Ho fatto una pazzia.

Una vera follia, basata sull’istinto di un istante.

Ho seguito l’impulso.

Inarrestabile.

E temo che il venticinque dicembre ne pagherò le conseguenze.

Già.

Ho comprato un regalo per mia moglie, nata proprio il giorno di Natale.

Per mia moglie, che oltretutto ha nome Stefania e quindi condensa in due giorni tre feste.

Fin qui niente di strano. Tutti i mariti del mondo, immagino, regalano qualcosa alla propria moglie, il giorno di Natale. E al compleanno.

La cosa anomala è che noi, coppia fuori dall’ordinario, in genere non ci scambiamo doni necessariamente in una ricorrenza prefissata. Quando vediamo qualcosa che ci piace la compriamo.

Semplice, addirittura lineare.

E poi devo dire che Stefania non ama le sorprese. E questo fatto la metterà già di malumore quando le presenterò il presente.

Una follia, appunto.

Sono anni che, tra il serio e il faceto, di quando in quando ci fermiamo davanti alle vetrine di qualche negozio di giocattoli. Lei da bambina avrebbe desiderato il mitico Meccano, una di quelle scatole contenenti tutti i pezzi per realizzare i meccanismi più disparati.
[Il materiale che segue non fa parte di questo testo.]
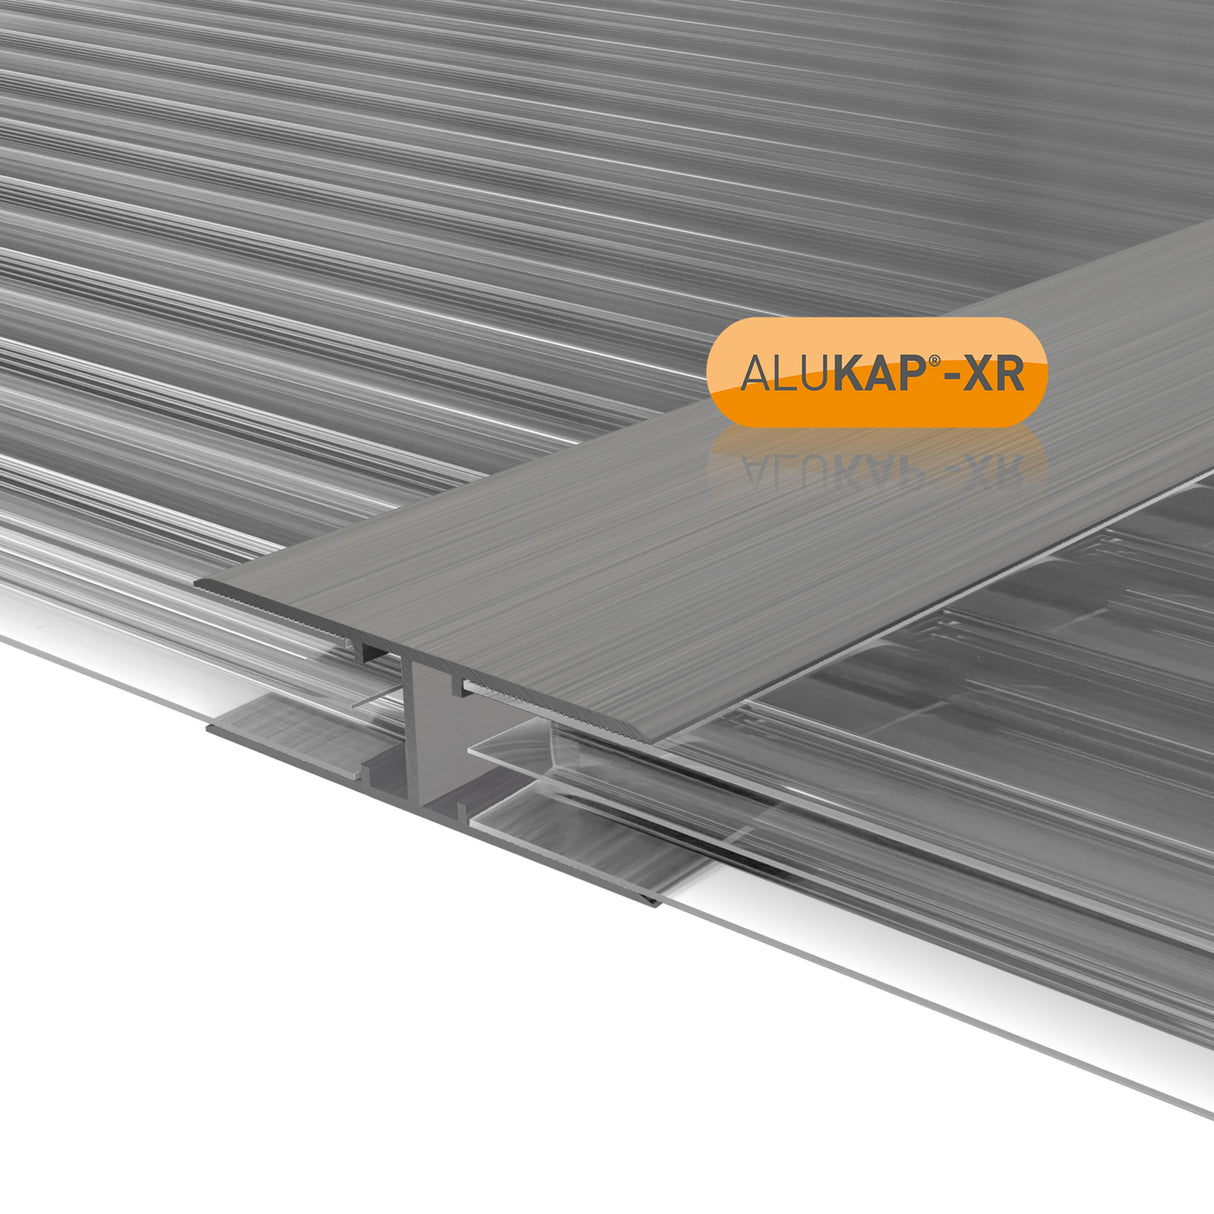 Alukap-XR 16mm Aluminium H Section

Le costruzioni più tecnologiche.

Ma i suoi genitori non avevano mai potuto permetterselo e così gli anni erano trascorsi nell’invidia per il cuginetto, il quale invece possedeva la versione più lussuosa.

Io da piccolo ce l’avevo una scatola di Meccano. Era quella base, quella più semplice. Quella che ti dava il gusto amaro del “vorrei ma non posso”. Ciò nondimeno ricordo che mi ci divertivo.
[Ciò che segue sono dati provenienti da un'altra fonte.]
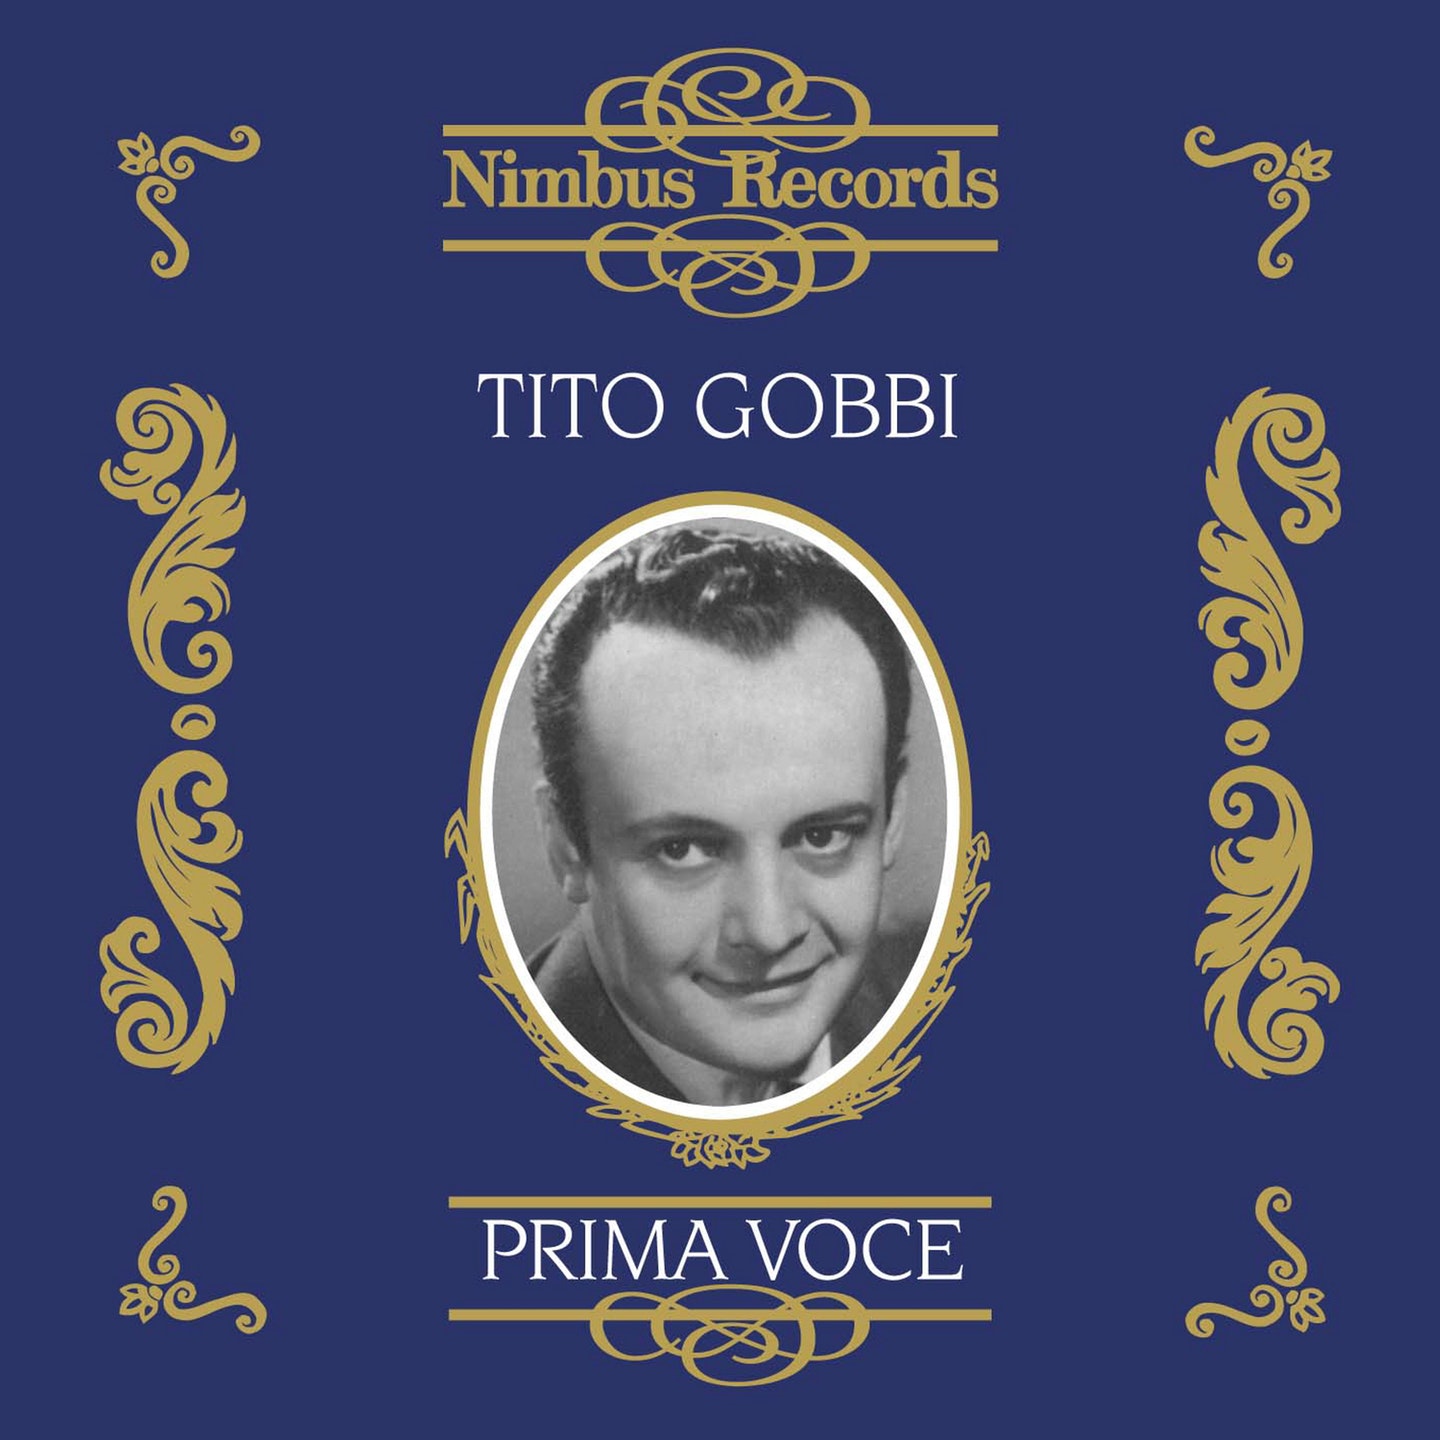 Tito Gobbi 1942-1953

Ma al giorno d’oggi, dove quasi tutto è elettronica e videogiochi e realtà virtuale, il Meccano è difficile da trovare. La solida realtà di pezzi di ferro è meno reale della realtà virtuale.

Un’altra follia.

Per questo le nostre in verità mai troppo approfondite ricerche non hanno mai trovato la loro naturale conclusione nell’acquisto del Meccano.

Tuttavia, in questi giorni che ci stanno portando ad un nuovo Natale, tra le parole dei colleghi, padri di figli e zii di nipoti, emerge che il tal negozio di giocattoli dispone di scatole di Meccano.

Non ho bisogno di pensarci.

L’azione di uscire dall’ufficio e passare dal rivenditore prima di tornare a casa scivola direttamente dal cuore alle membra che guidano l’automobile.

Una follia.

Mi ritrovo così dentro il negozio a chiedere le famose scatole.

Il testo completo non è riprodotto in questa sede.